By using this custom tokenizer, we were able to train EchoCLIP-R using whole reports instead of just snippets of reports, which greatly increased its retrieval ability.

All of what I’ve written about so far is just touching the surface of what I believe is possible with multimodal models in healthcare. EchoCLIP is just the beginning, and we have a number of promising avenues to investigate for future research.

First and foremost — I want to expand this model to be video-based in the future. Currently, it operates only on singular still frames extracted from echos, but this means it’s missing out on a lot of useful information encoded in the videos’ time dimension.
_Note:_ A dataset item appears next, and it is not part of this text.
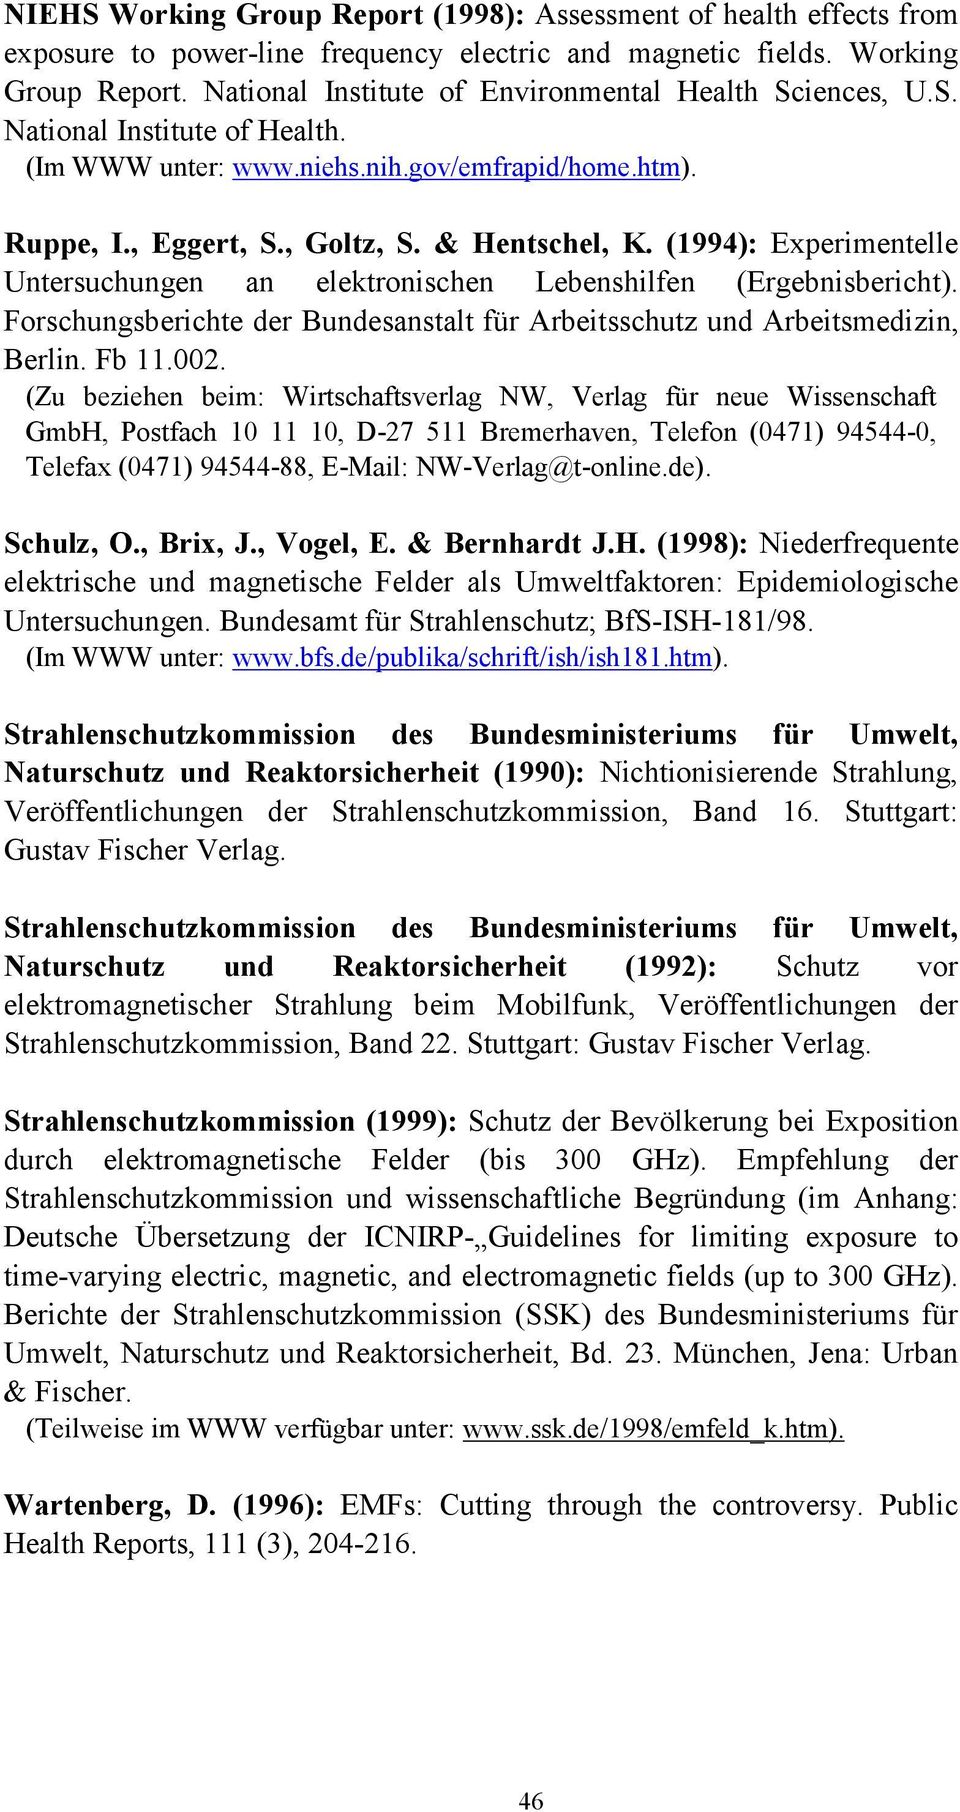 (1994): Experimentelle Untersuchungen an elektronischen Lebenshilfen (Ergebnisbericht). Forschungsberichte der Bundesanstalt für Arbeitsschutz und Arbeitsmedizin, Berlin. Fb 11.002.

There are some tasks that the current EchoCLIP is bound to be horrible at simply because it can’t understand the concept of time. It’d be like asking someone to tell you how fast a car is moving based only off a single picture of the car — velocity is something you need temporal information to estimate! Human cardiologists rely on the whole echo video when making key diagnoses, so it makes sense that we should extend future versions of EchoCLIP to do the same.
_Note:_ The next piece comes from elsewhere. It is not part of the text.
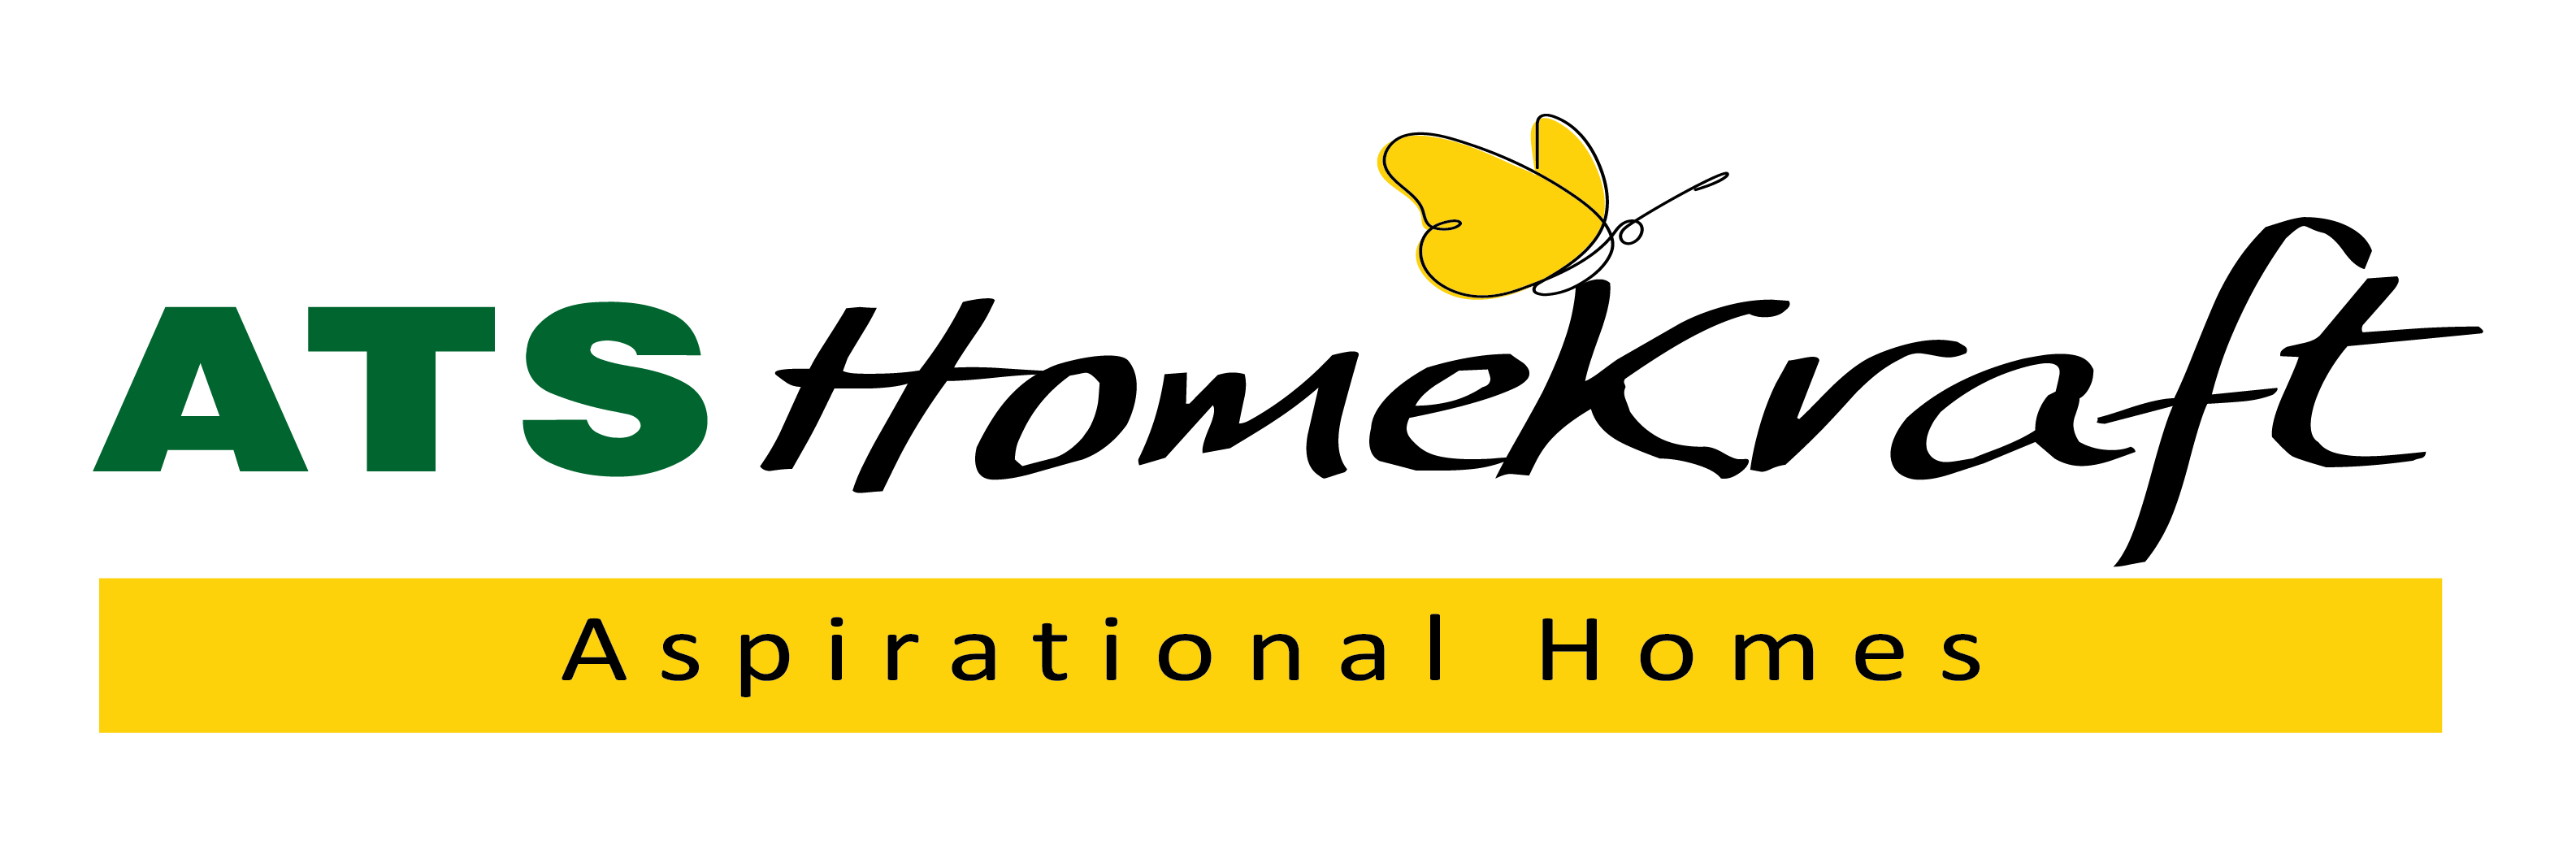 HomeKraft ATS

Second, we want to try using future versions of EchoCLIP to directly generate reports for echo videos. There have been a number of papers published on the topic of using CLIP models for caption generation, but due to the already large scope of this paper, we have left the application of these methods to future work. Additionally, if we were going to actually try to generate captions, we’d need to find a way to ensemble predictions across all the videos in an echo study, since study reports describe all the videos in a study, not just the A4C ones.

Third, I would love to see if we could build real tools that real cardiologists can use that are powered by EchoCLIP. If EchoCLIP or EchoCLIP-R could speed up the echo-reading process, that might have a real positive impact on the lives of cardiac patients! We leave the construction and testing of such tools to future work.

This project has been slowly coming together for months at this point, and I’m quite excited that it’s finally out in the open and ready to be shared with the world. I’m also excited for the future of this tech and research.

Thanks for reading! If you’d like to read my non-work-related blog, you can find it here.

Bye for now!

~ Kai

The method described won’t actually work very well without a few key modifications, but including them in the blog post unfortunately made it feel too bloated and technical. If you’d like the nitty gritty details, you can find them in the paper.

Though if your model is consistently predicting the wrong answers, that means it actually still has predictive power—you just need to flip the predictions it makes! So it’s not really possible to perform “worse than random” in this case.

Cosine similarity, specifically—which for normalized vectors like our embeddings is literally just the dot product! It ranges from -1 when two vectors are exact opposites of each other to 1 when they are exact copies of each other.